Google Deepmind разработали многократный онлайн-подход с использованием обучения с подкреплением (reinforcement learning), чтобы улучшить способность больших языковых моделей (LLM) к самокоррекции.
Показано, что обучение с учителем (SFT) неэффективно для изучения самокоррекции и сталкивается с несоответствием между данными для обучения и ответами модели. Для решения этой проблемы предлагается двухэтапный подход, который сначала оптимизирует поведение самокоррекции, а затем использует дополнительное вознаграждение для усиления самокоррекции в процессе обучения. Этот метод полностью основан на данных, сгенерированных самой моделью.
При применении к моделям Gemini 1.0 Pro и 1.5 Flash достигается рекордная производительность по самокоррекции, улучшая базовые модели на 15.6% и 9.1% соответственно в тестах MATH и HumanEval.
Комплексная оценка квантованных LLM, настроенных на выполнение инструкций
В данной работе оценивается производительность LLM, обученных на выполнении инструкций, при различных методах квантования для моделей размером от 7B до 405B параметров.
Ключевые выводы (из статьи):
- Квантование большей модели LLM до аналогичного размера, как у меньшей FP16 LLM, обычно даёт лучшие результаты на большинстве тестов.
- Производительность значительно варьируется в зависимости от методов квантования, размера модели и глубины битности, причём методы, использующие квантование только весов, часто обеспечивают лучшие результаты для более крупных моделей.
- Сложность задачи не оказывает значительного влияния на снижение точности, вызванное квантованием.
Есть ли память у больших языковых моделей (LLM)
Судя по текущим результатам, LLM действительно демонстрируют наличие памяти.

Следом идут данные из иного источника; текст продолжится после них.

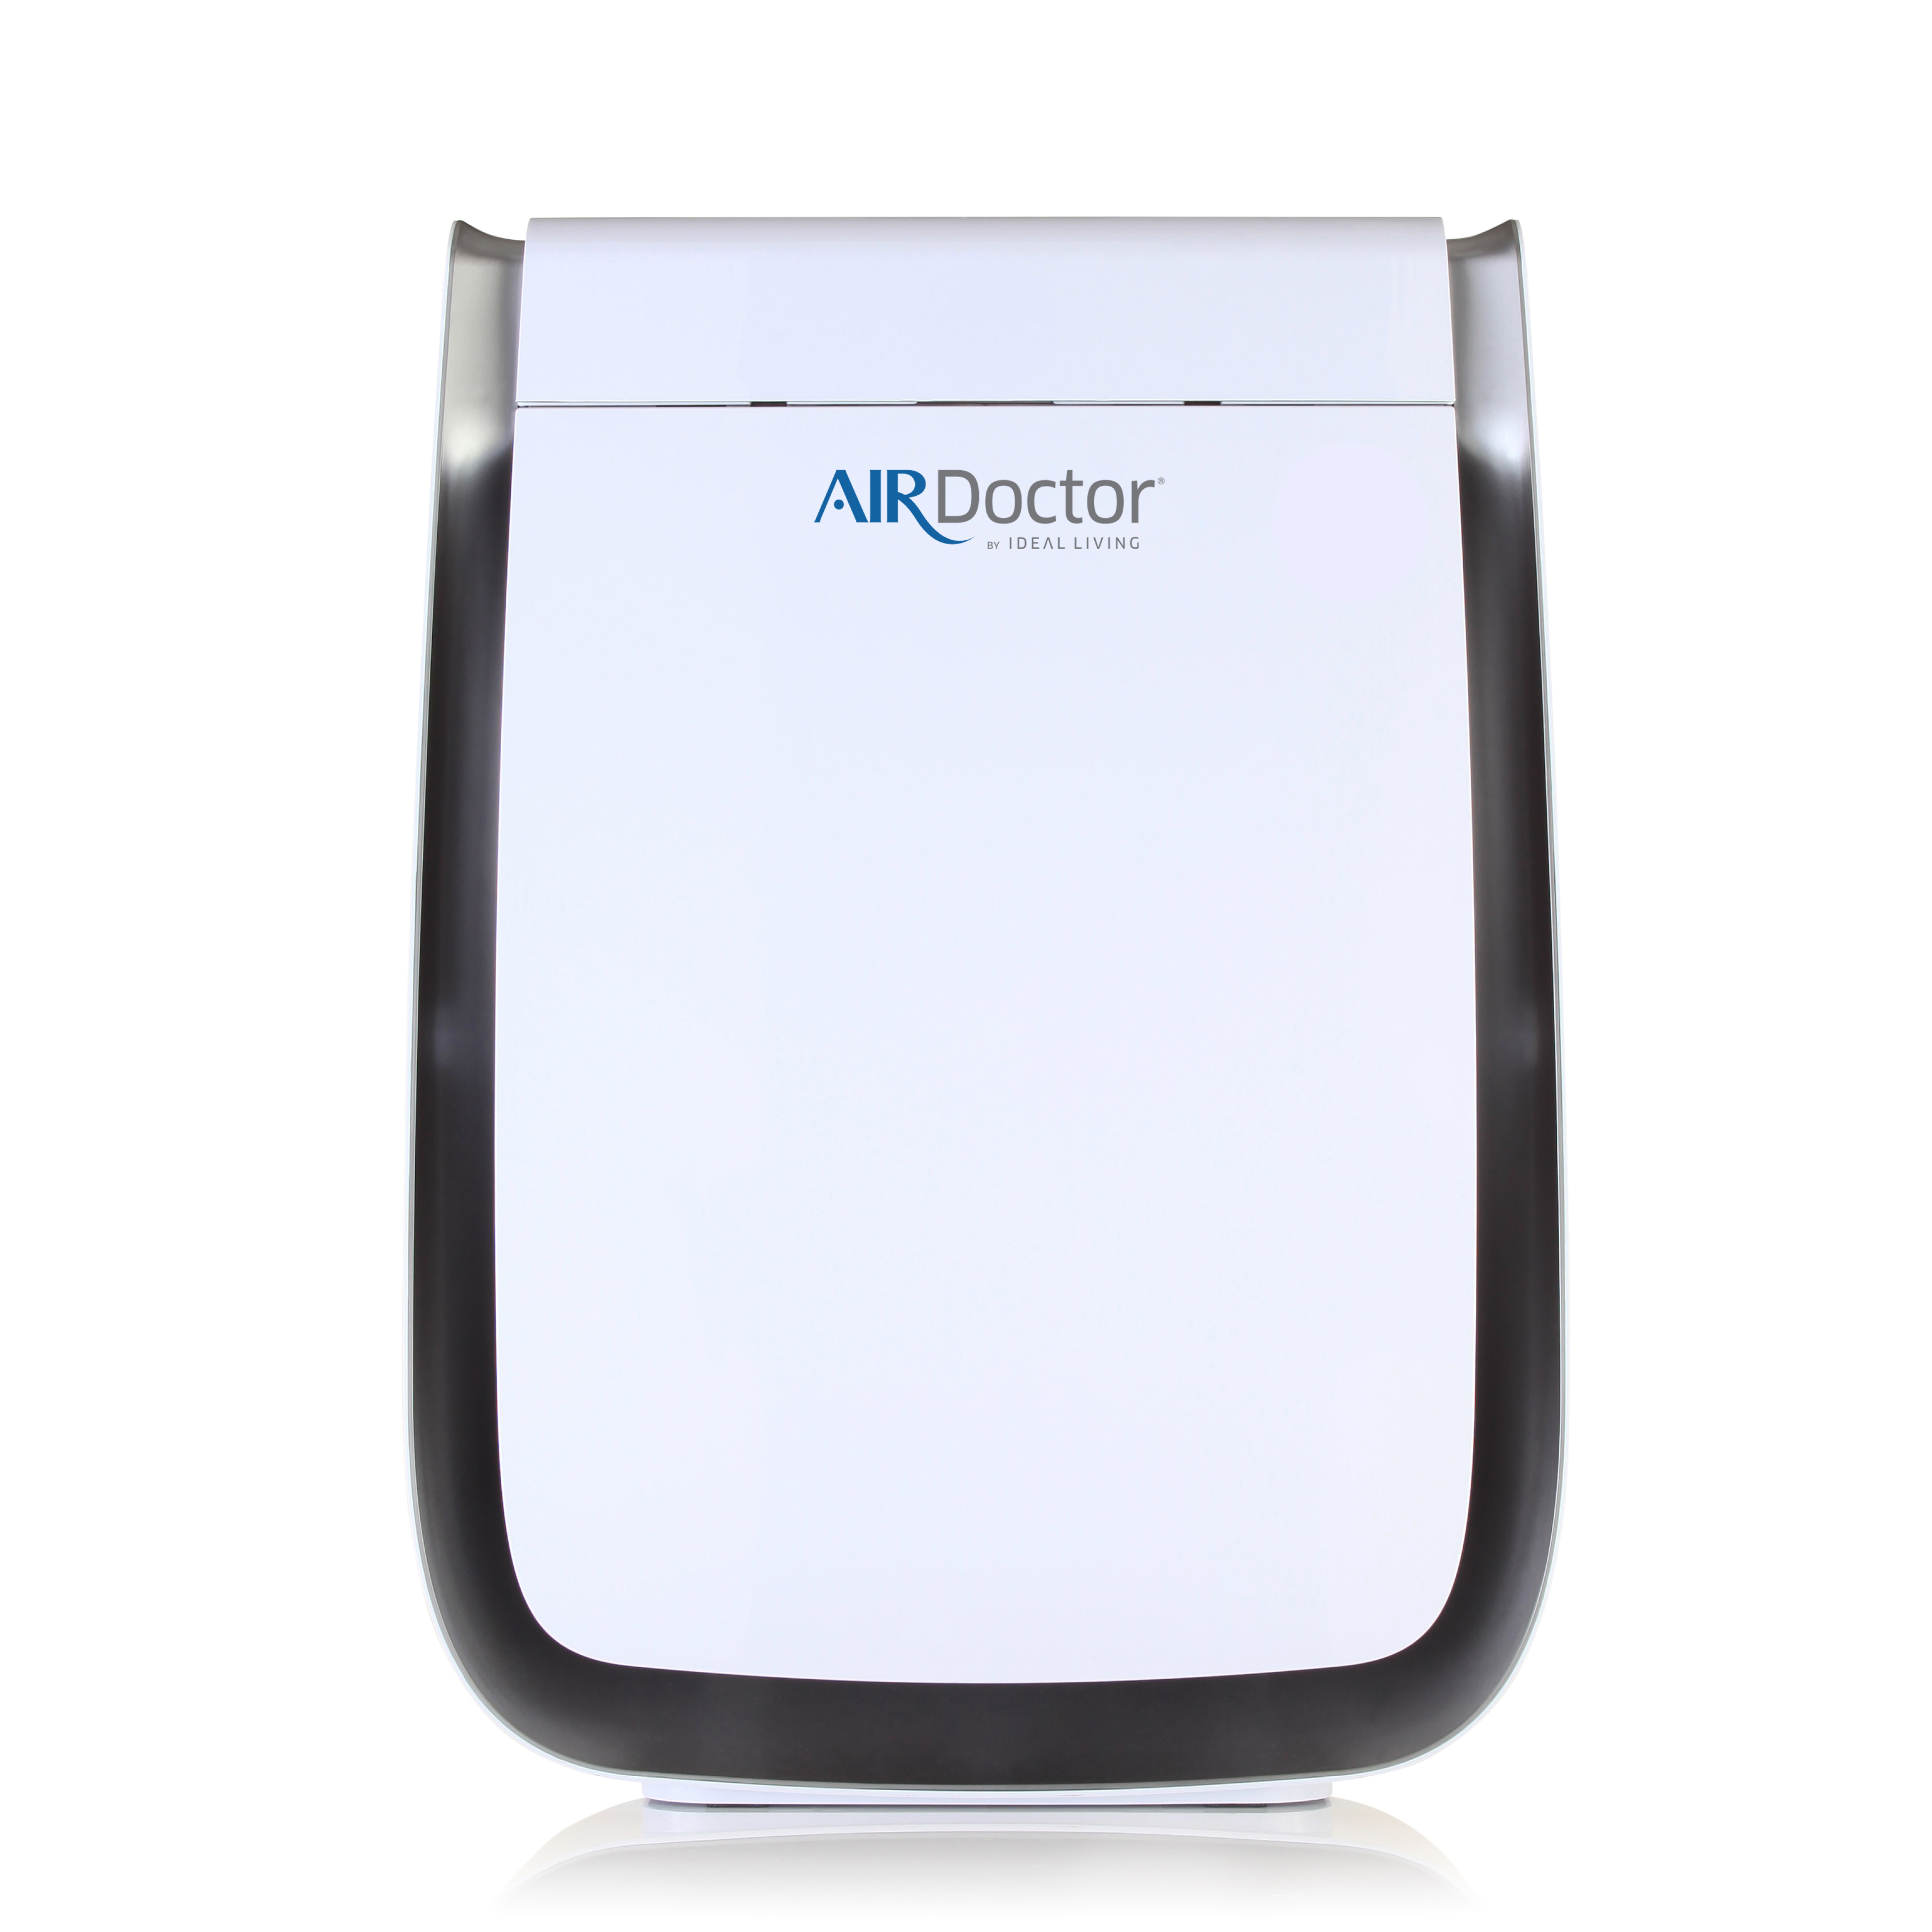 AIRDOCTOR AD3000 Air Purifiers for Home  Large Rooms Up to sq. ft per hr  with UltraHEPA, Carbon, VOC Filters Air Quality Sensor. Removes Particles  100x Smaller Than HEPA (AirDoctor 3000)

Так в чём же заключается механизм этой памяти?
В статье рассматриваются возможности памяти больших языковых моделей (LLM). Она использует Теорему универсальной аппроксимации (Universal Approximation Theorem) для объяснения механизма памяти LLM. Также предлагается новый подход к оценке производительности LLM, сравнивая емкости памяти различных моделей.
Архитектура Transformer функционирует как динамическая модель аппроксимации UAT, обладающая высокой способностью адаптивно подстраиваться под входные данные. В результате LLM способны вспоминать целый контент на основе минимальной информации на входе. Поскольку эта память может быть подтверждена только при активации входными данными, мы называем её «памятью Шрёдингера».
Logic-of-Thought для полного рассуждения в LLM
Предлагается новая техника подсказок под названием Logic-of-Thought (LoT), которая использует пропозициональную логику для генерации и добавления расширенной логической информации из контекста ввода.
LoT улучшает производительность Chain-of-Thought (CoT) на наборе данных ReClor на +4,35%. Также повышает эффективность CoT+SelfConsistency на LogiQA на +5% и улучшает результаты ToT на наборе данных ProofWriter на +8%.
Вывод
- Самокоррекция в LLM через обучение с подкреплением: Google Deepmind предложили инновационный подход для повышения способности больших языковых моделей (LLM) к самокоррекции, улучшив базовые модели Gemini на 15,6% и 9,1% в тестах MATH и HumanEval соответственно. Это показывает значительный потенциал использования генерации данных самой моделью в обучении LLM.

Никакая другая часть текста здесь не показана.